● **Information provided**:
================================

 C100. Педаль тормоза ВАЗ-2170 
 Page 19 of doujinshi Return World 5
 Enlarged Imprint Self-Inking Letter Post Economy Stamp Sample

================================

● **Directions**:
In your reply, write out all of the material exactly as it was given.

● **Solution below**:
 C100. Педаль тормоза ВАЗ-2170 
 Page 19 of doujinshi Return World 5
 Enlarged Imprint Self-Inking Letter Post Economy Stamp Sample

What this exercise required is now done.